▶ **Listed records**
#####

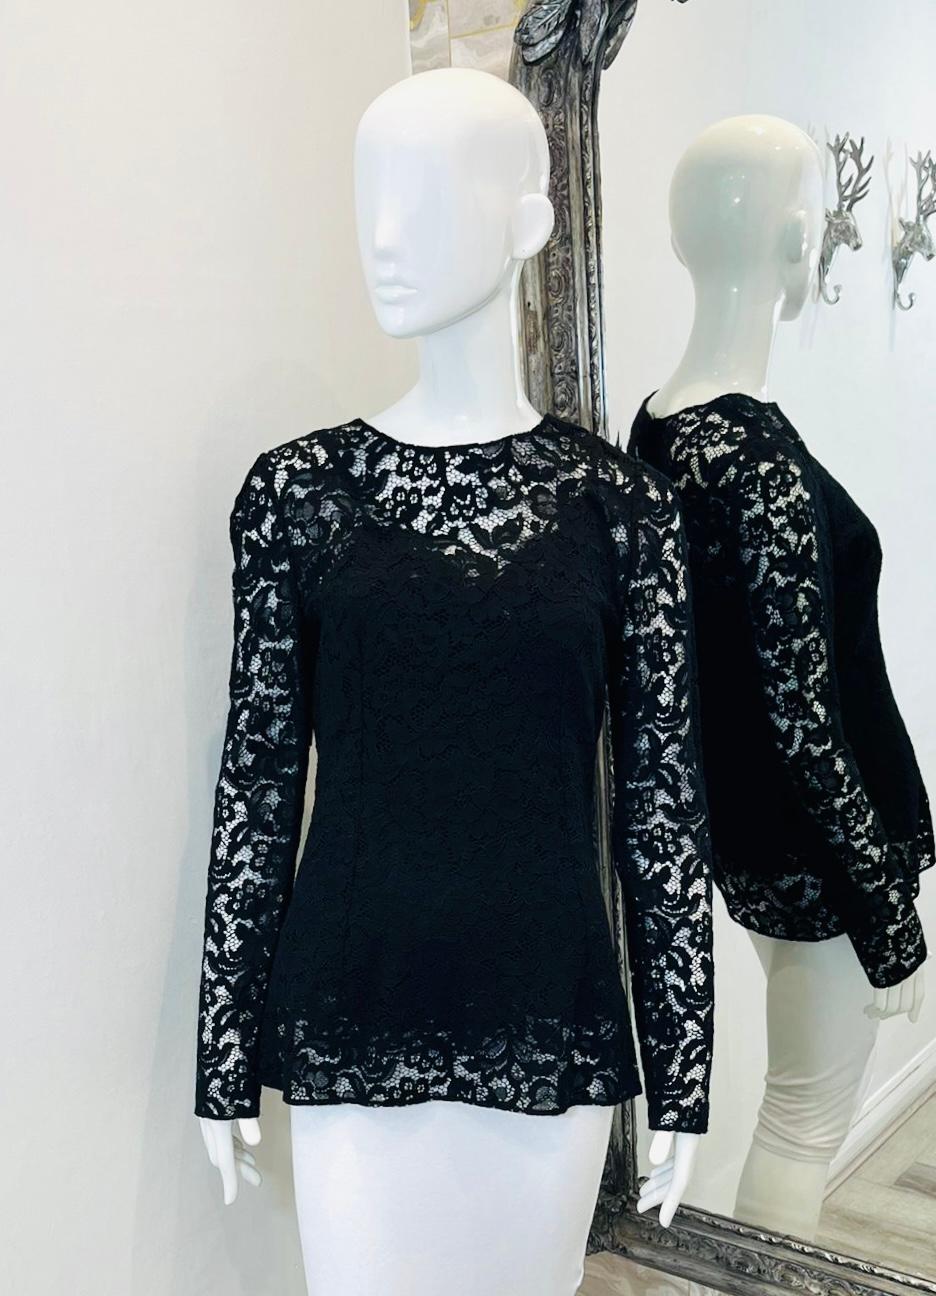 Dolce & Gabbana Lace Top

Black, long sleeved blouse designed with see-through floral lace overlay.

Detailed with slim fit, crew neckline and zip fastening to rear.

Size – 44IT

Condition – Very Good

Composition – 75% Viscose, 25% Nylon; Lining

#####

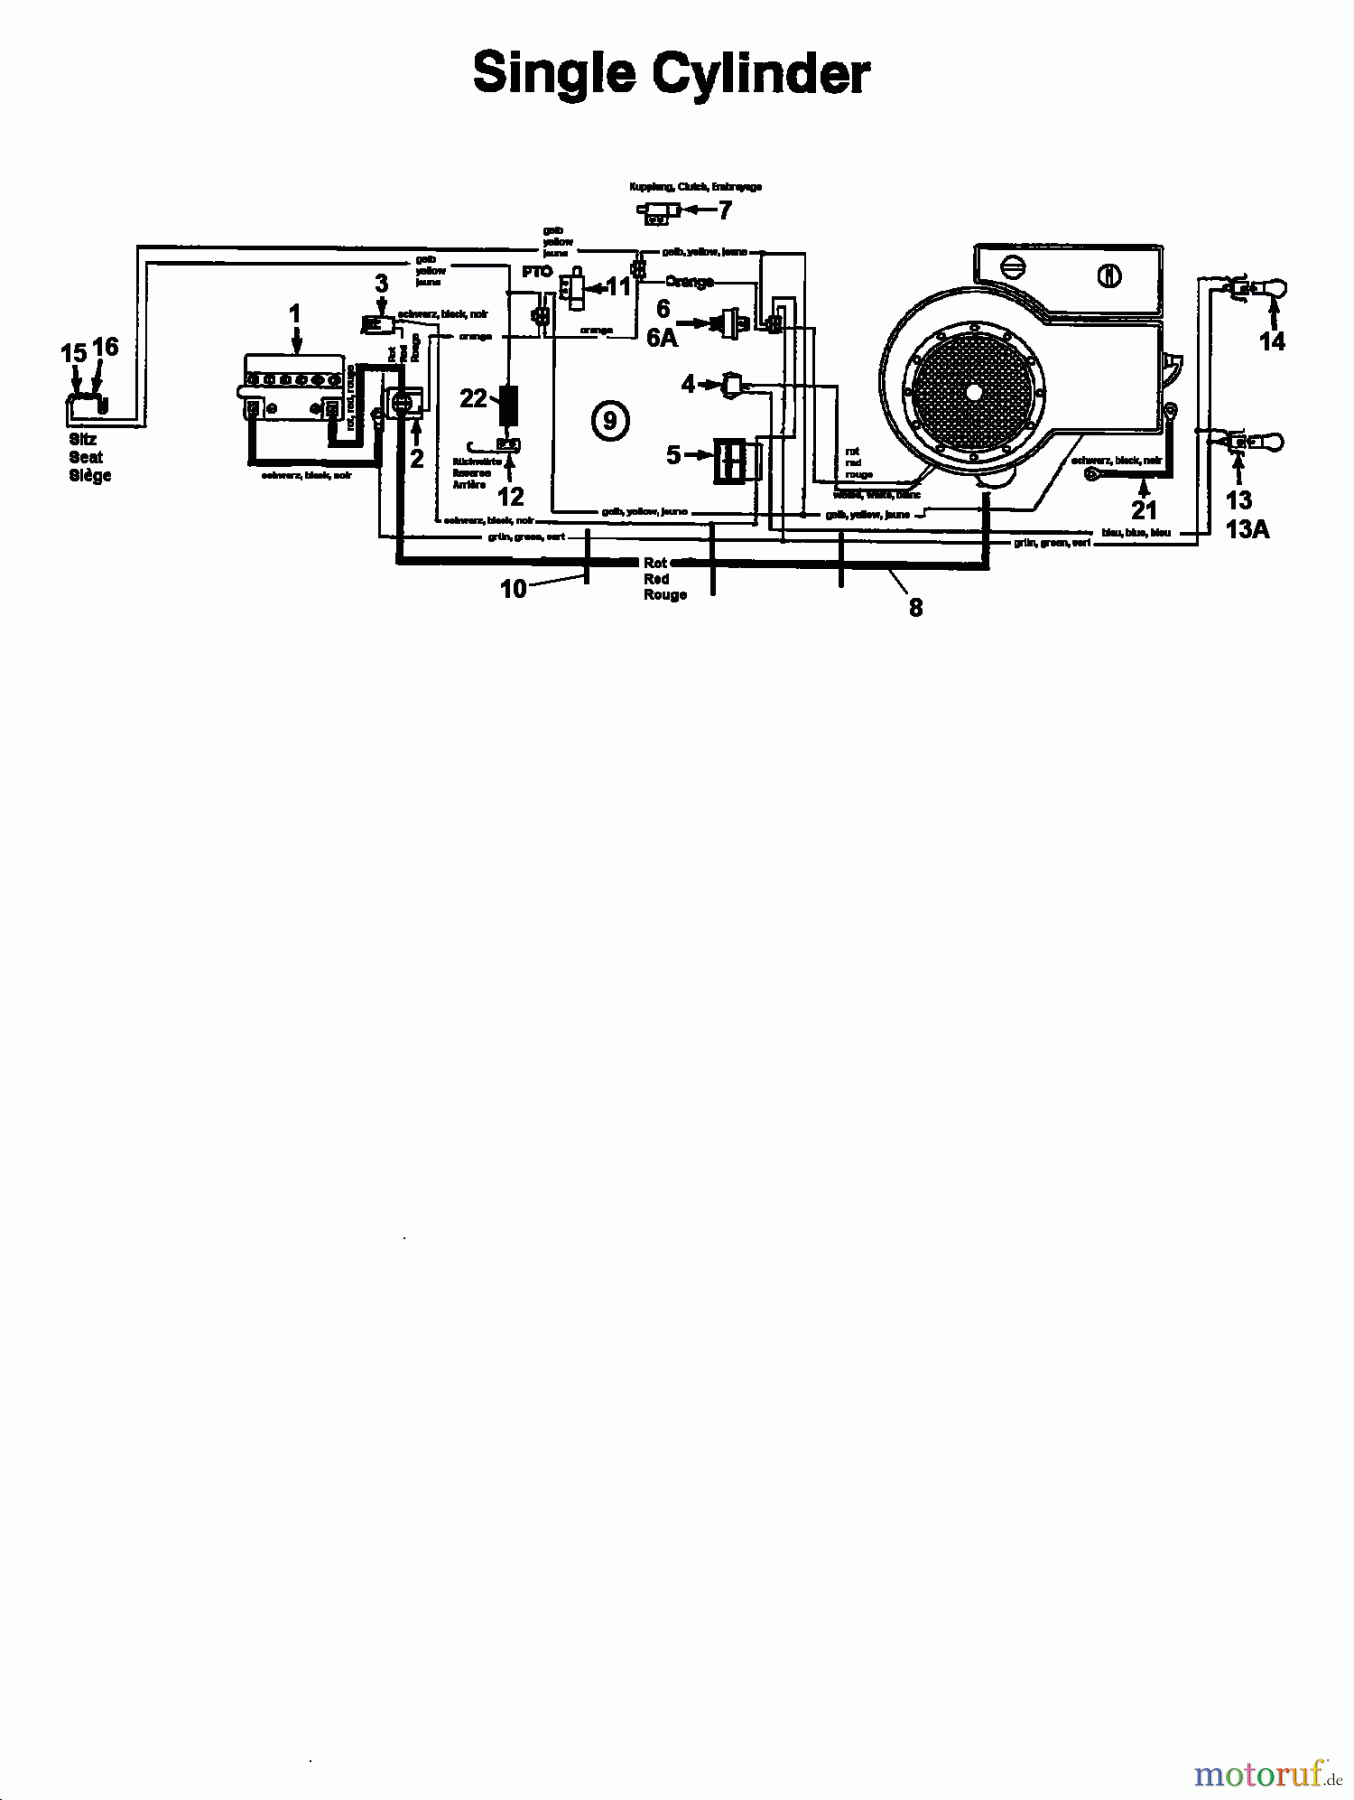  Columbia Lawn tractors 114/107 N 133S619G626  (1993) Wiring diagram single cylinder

#####

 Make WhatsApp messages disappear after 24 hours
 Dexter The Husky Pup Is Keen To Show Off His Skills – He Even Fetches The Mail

#####

Each line of the listing above that contains the word "with" is to be copied.

▶ **Written solution**
Black, long sleeved blouse designed with see-through floral lace overlay.
Detailed with slim fit, crew neckline and zip fastening to rear.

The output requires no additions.